This repository contains a project for predicting the species of Iris flowers based on various features. The dataset has undergone several preprocessing steps, including duplicate removal, outlier treatment, label encoding, and data partition. The predictive model employed for this project is Random Forest.
Iris flower.ipynb: Jupyter Notebook containing the entire codebase for the project.
Duplicate Removal: Duplicate records were identified and removed to ensure the dataset's integrity. Missing Values Check: No missing values were present in the dataset. Outlier Treatment: Outliers were identified and treated to enhance model performance.
Categorical variables were encoded using label encoding to convert them into a format suitable for machine learning models.
The dataset was split into training and testing sets to evaluate model performance. The split ratio used was 70% for training and 30% for testing.
The Random Forest model was employed for this project, achieving good results on both the training and testing sets.
- Precision: Class 0 (1.00), Class 1 (0.76), Class 2 (1.00)
- Recall: Class 0 (0.86), Class 1 (1.00), Class 2 (0.89)

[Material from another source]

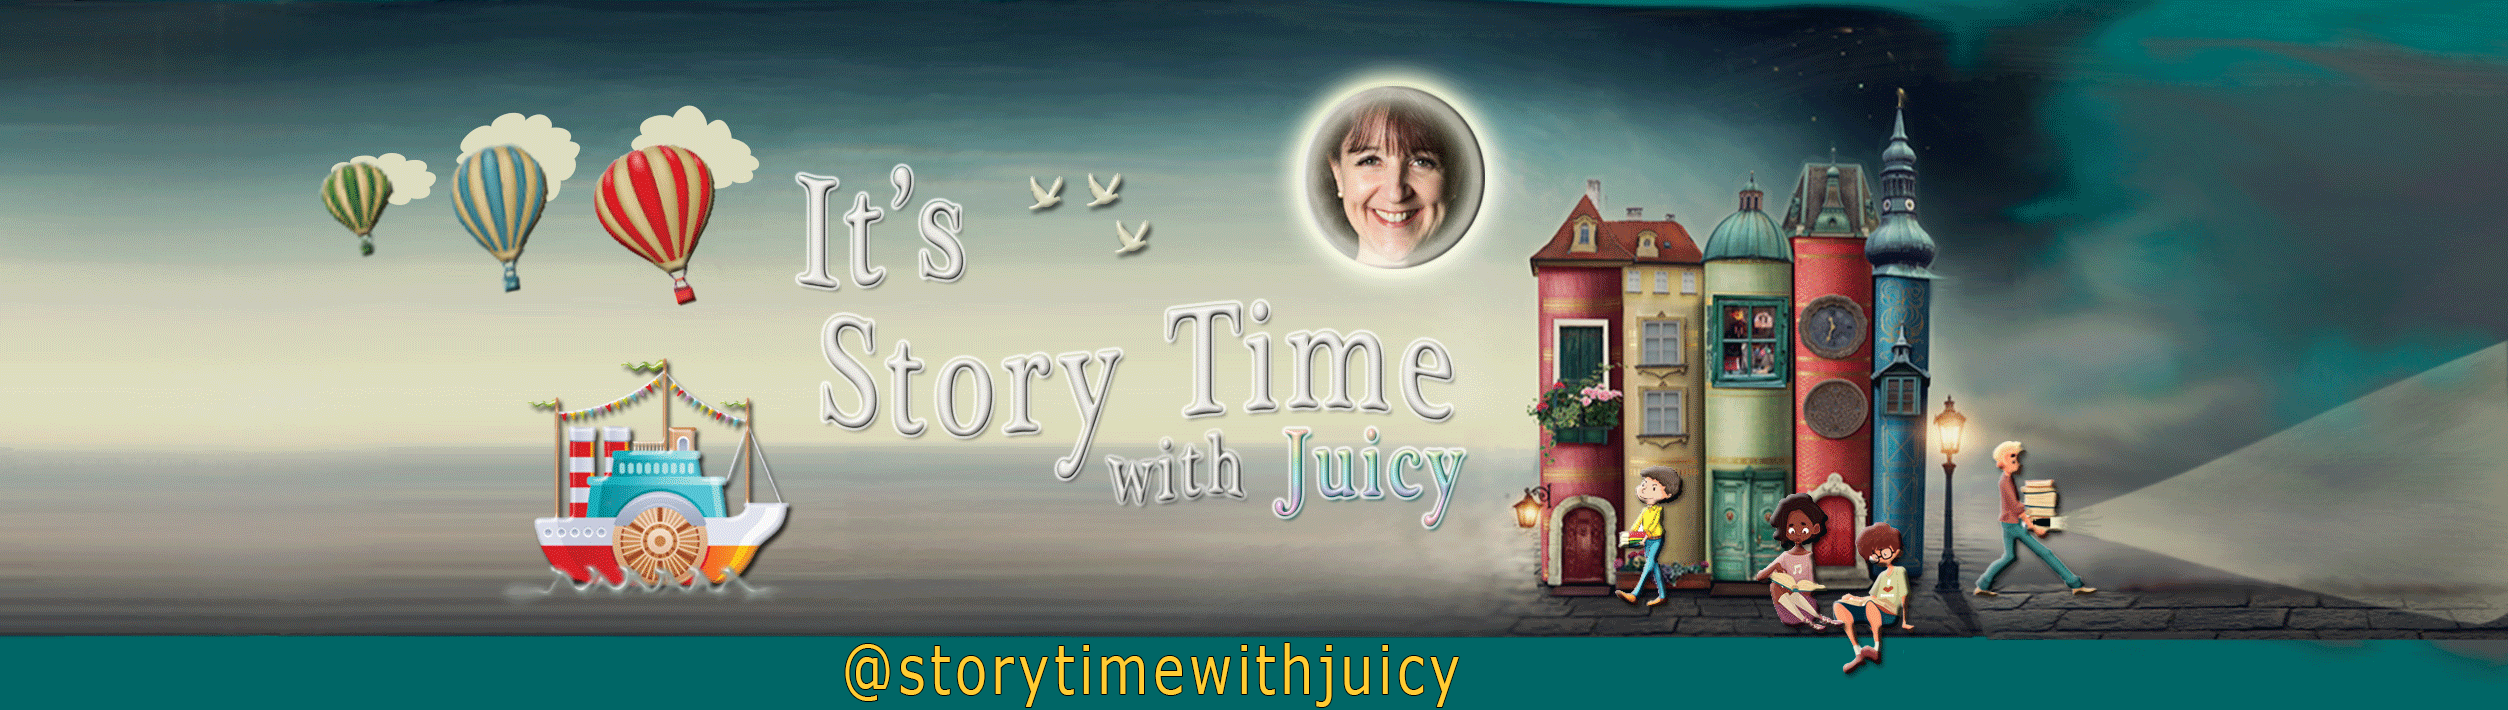 It's Story Time with Juicy

- F1-Score: Class 0 (0.93), Class 1 (0.87), Class 2 (0.94)
- Accuracy: 91%
- Precision: Class 0 (1.00), Class 1 (0.75), Class 2 (0.94)
- Recall: Class 0 (0.89), Class 1 (0.90), Class 2 (0.94)
- F1-Score: Class 0 (0.94), Class 1 (0.82), Class 2 (0.94)
- Accuracy: 91%
The Random Forest model demonstrated good performance on both the training and testing sets. The project provides a foundation for understanding and predicting the species of Iris flowers based on the given features.